• Instructions for the task:
Quote every line below exactly and skip any picture.
:: Source material ::
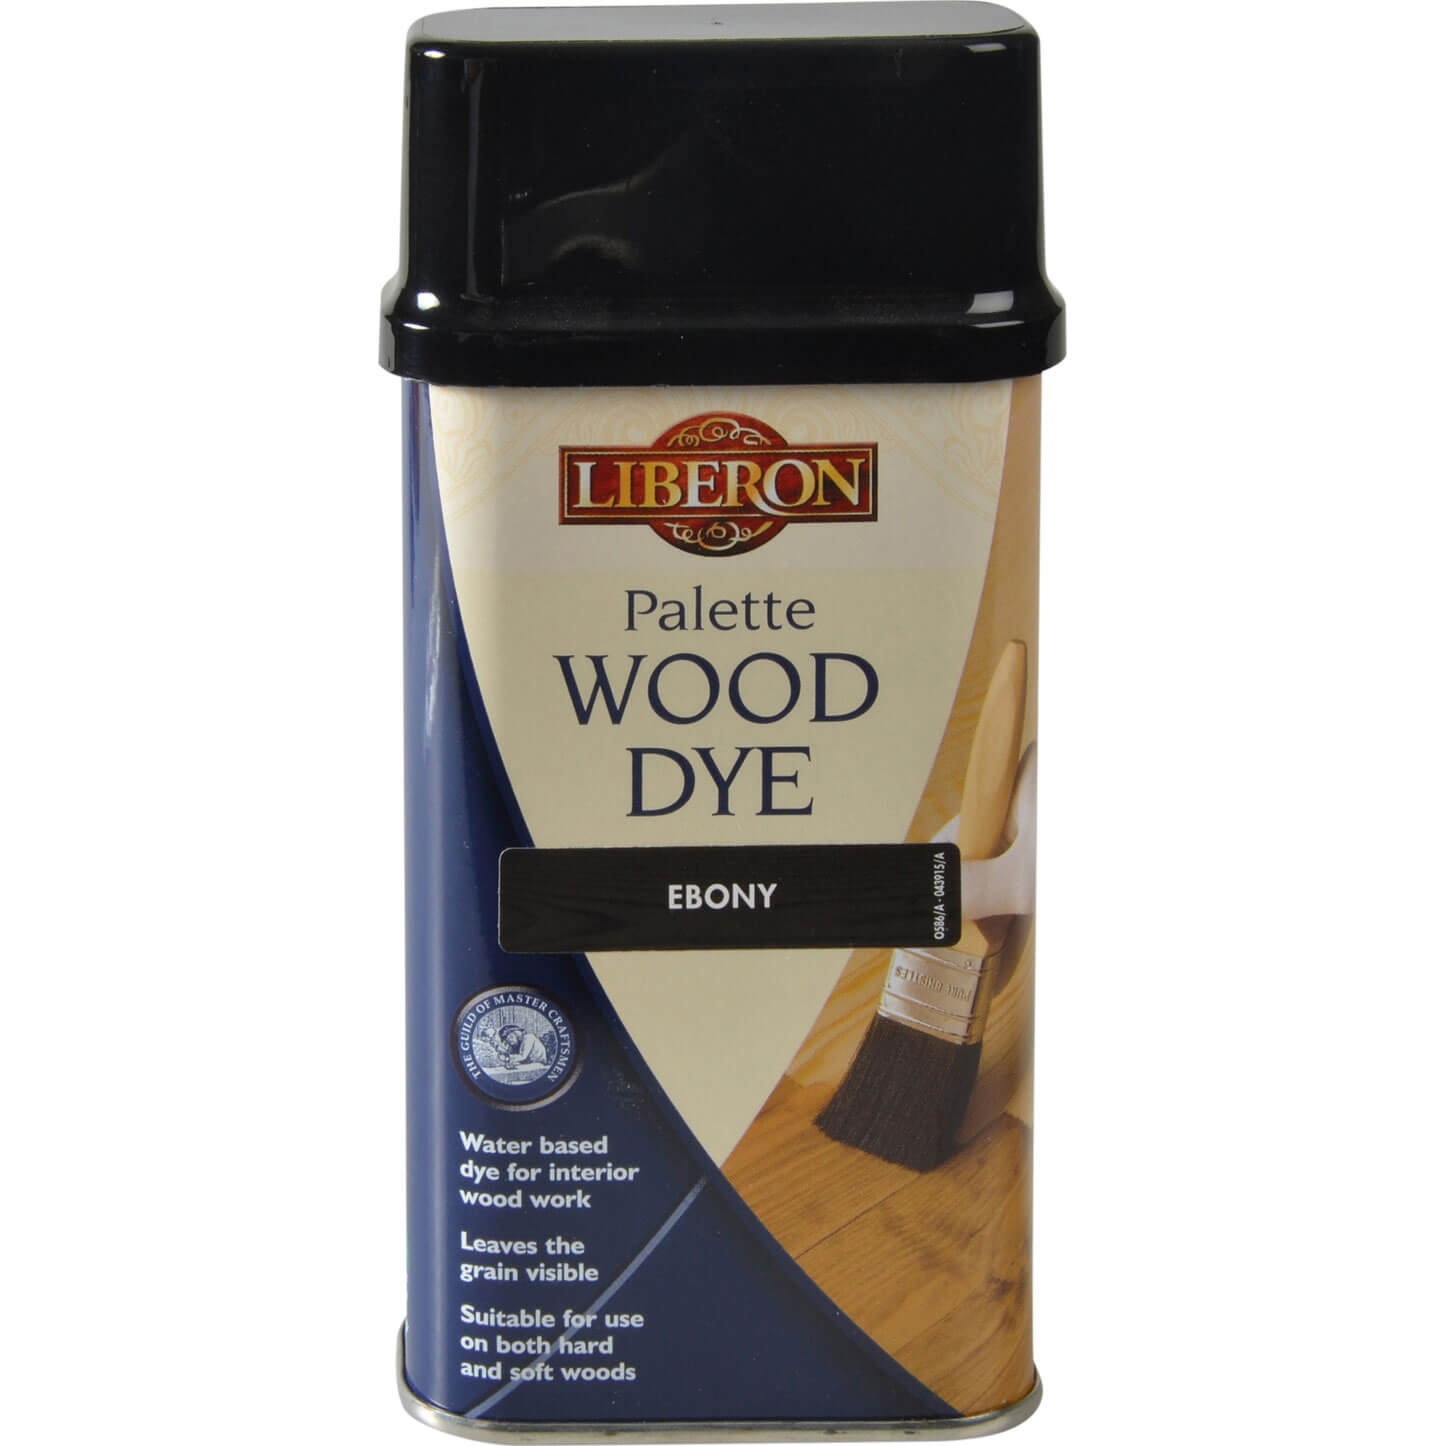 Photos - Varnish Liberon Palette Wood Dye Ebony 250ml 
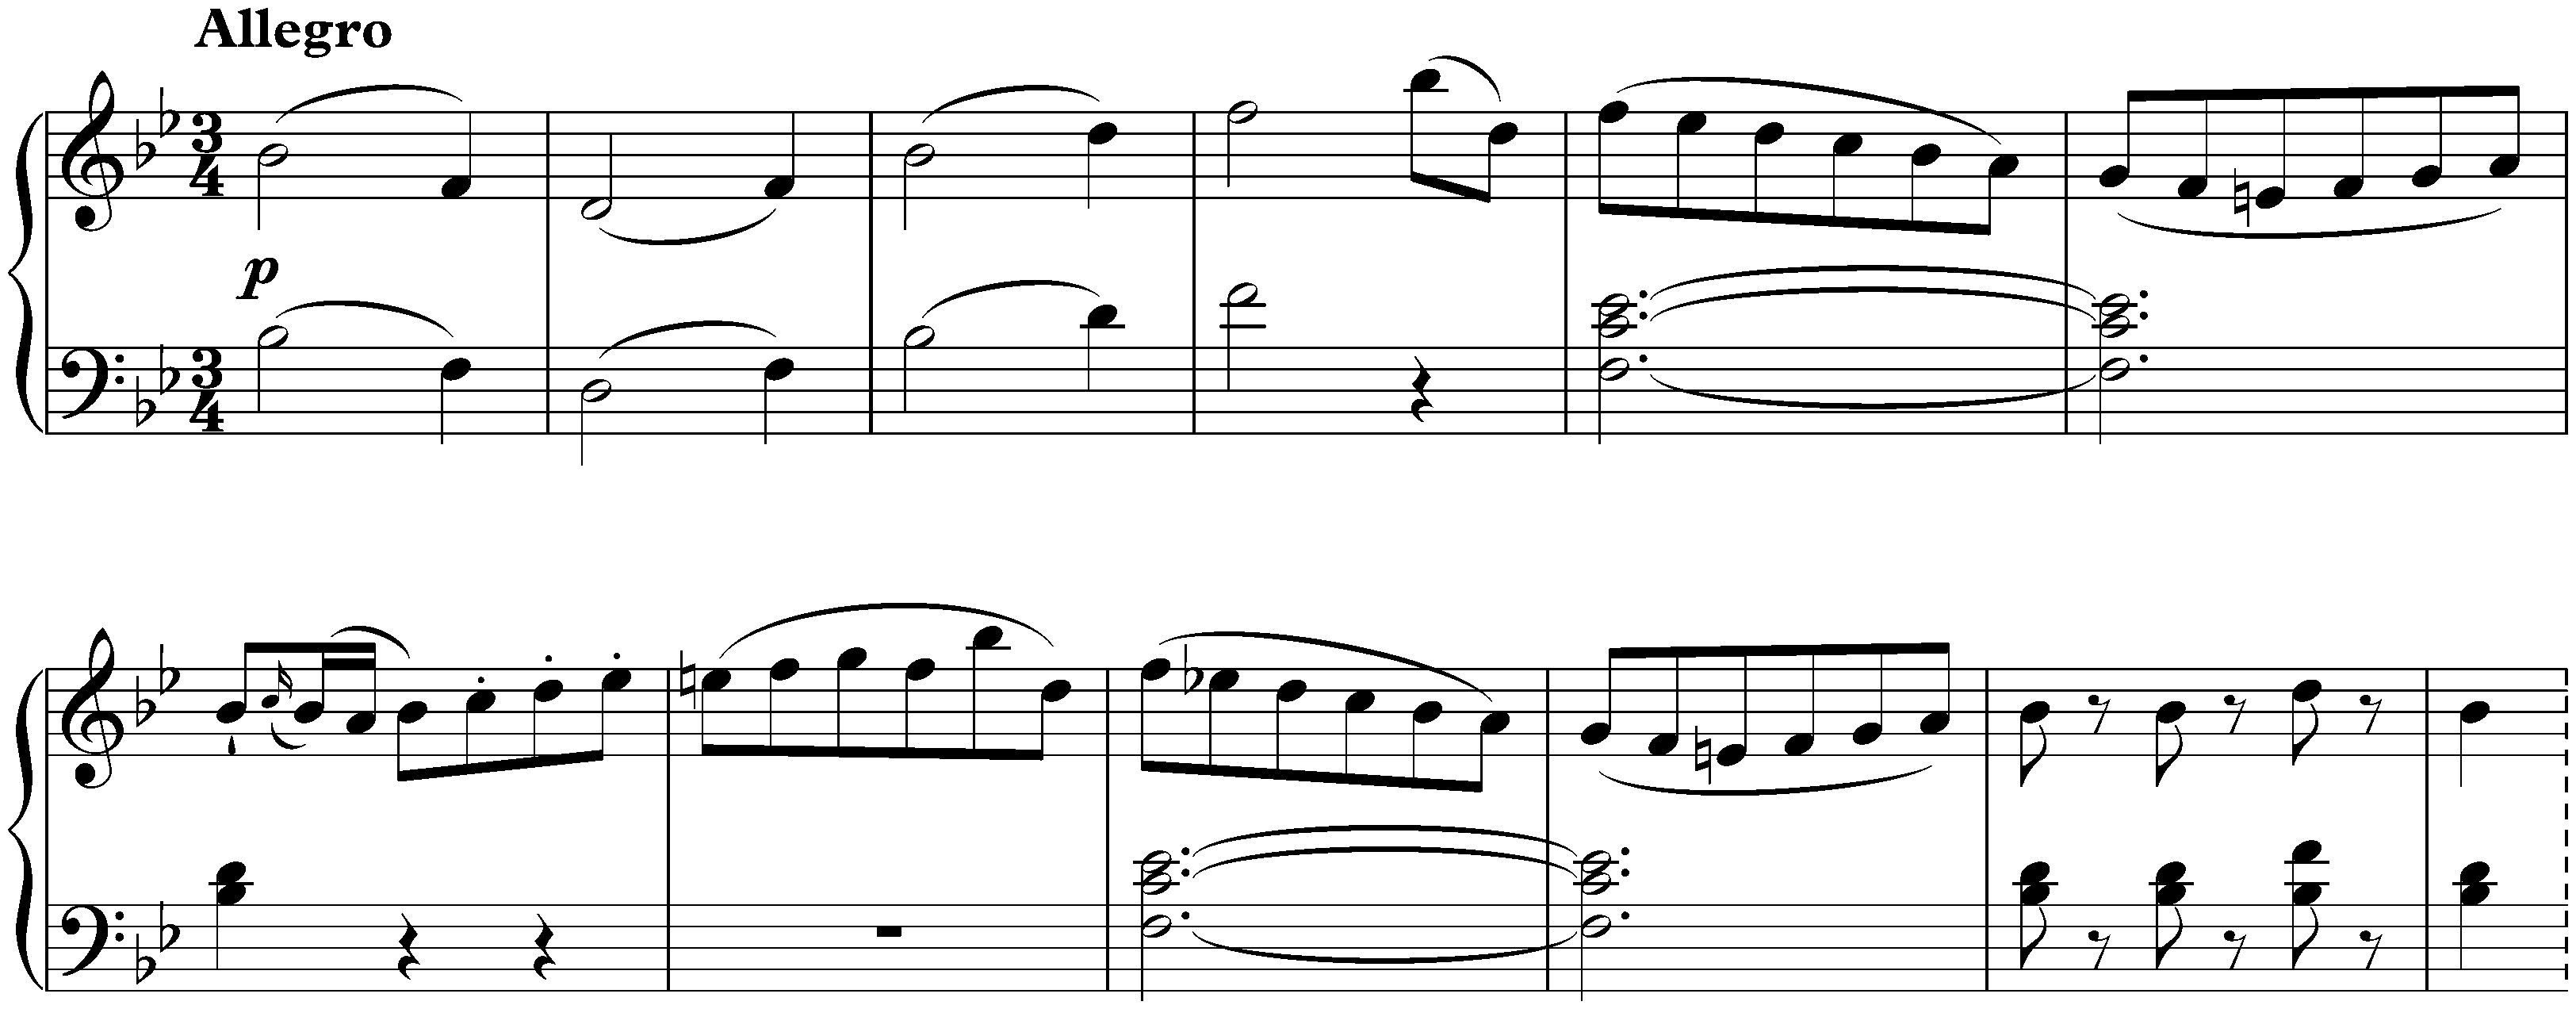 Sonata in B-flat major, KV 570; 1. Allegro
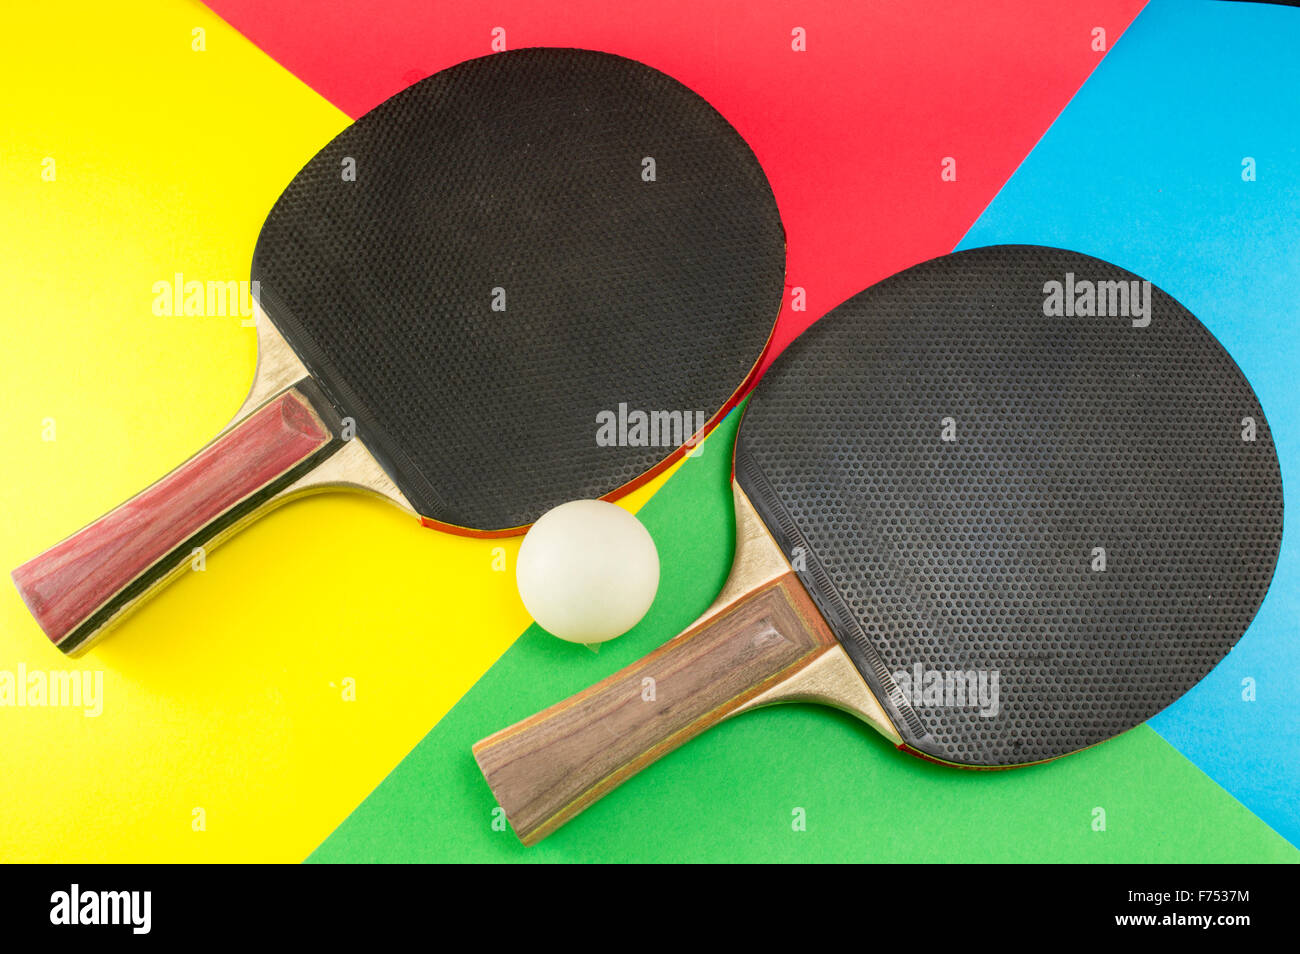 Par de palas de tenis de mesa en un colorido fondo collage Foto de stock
:::
• Written solution:
 Photos - Varnish Liberon Palette Wood Dye Ebony 250ml 
 Sonata in B-flat major, KV 570; 1. Allegro
 Par de palas de tenis de mesa en un colorido fondo collage Foto de stock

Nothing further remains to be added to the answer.